Dive Brief:
- Enterprises blew through cloud storage budgets as AI spiked data consumption last year, according to a Tuesday report commissioned by Wasabi Technologies. Vanson Bourne surveyed 1,600 enterprise cloud storage leaders for the third annual Wasabi Global Cloud Storage Index report.
- The problem has intensified, with the proportion of respondents who experienced storage cost overruns in cloud increasing nine percentage points from 2023 to 62%. One-quarter of respondents reported massive budget overruns in 2024.

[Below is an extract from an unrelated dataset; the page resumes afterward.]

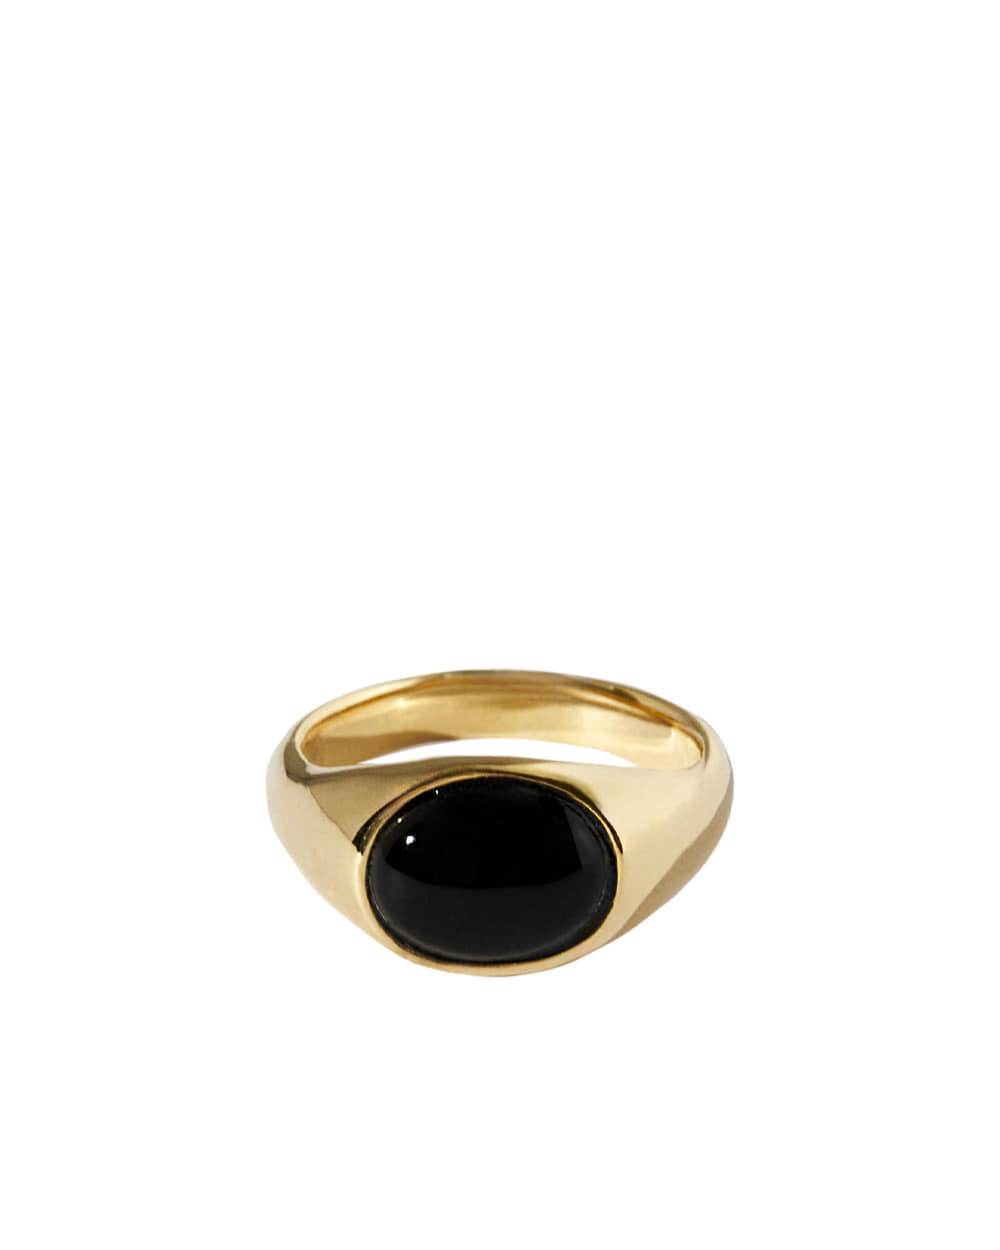 Noel gemstone ring / Gold

- Data egress and usage fees took a toll on broader enterprise plans. More than half of respondents — 56% — said unexpected data costs caused cloud-related business delays. “Storage remains an unpredictable expense for many organizations … stalling business initiatives and slowing innovation,” Andrew Smith, director of strategy and market intelligence at Wasabi Technologies, said in an announcement.
Dive Insight:
Cloud storage can be a bargain for enterprises, until they want to process or move their data. Along with volume purchasing discounts and on-demand scalability, hyperscalers give customers low-cost tiering options for big data with low usage rates.
“Organizations will choose the cheapest possible tier when they think they’re not going to need to access the data, which makes sense,” Smith told CIO Dive. When plans change, costs rise.
Cloud storage capacity is relatively inexpensive. It accounts for 51% of cloud data bills, Wasabi found. Networking charges, API calls and fees for data egress and usage devour the rest.
Google Cloud led a charge to eliminate some egress fees in response to regulatory scrutiny early last year, and AWS and Microsoft quickly followed suit. The three cloud giants dominated the global storage market last year, capturing two-thirds of all spending.
As hyperscaler capacity rises and enterprise procurements grow, the cost-per-unit for storage has come down, Lidice Fernandez, IDC group VP, Worldwide Enterprise Infrastructure Trackers, told CIO Dive.
Despite the trend, unanticipated storage expenses remain a pain point.
Organizations are largely happy with their cloud storage until they need access to data. Nearly 9 in 10 respondents to the Wasabi survey expressed satisfaction with their current object storage provider. But 39% said billing complexity and fee structures were a problem.
“We usually think about object storage as a place to throw all your cheap, unused data,” Smith said. “But the reality is, organizations are accessing that data pretty regularly. Data that wasn’t touched for a year or more may suddenly have value for analytics or training an AI model.”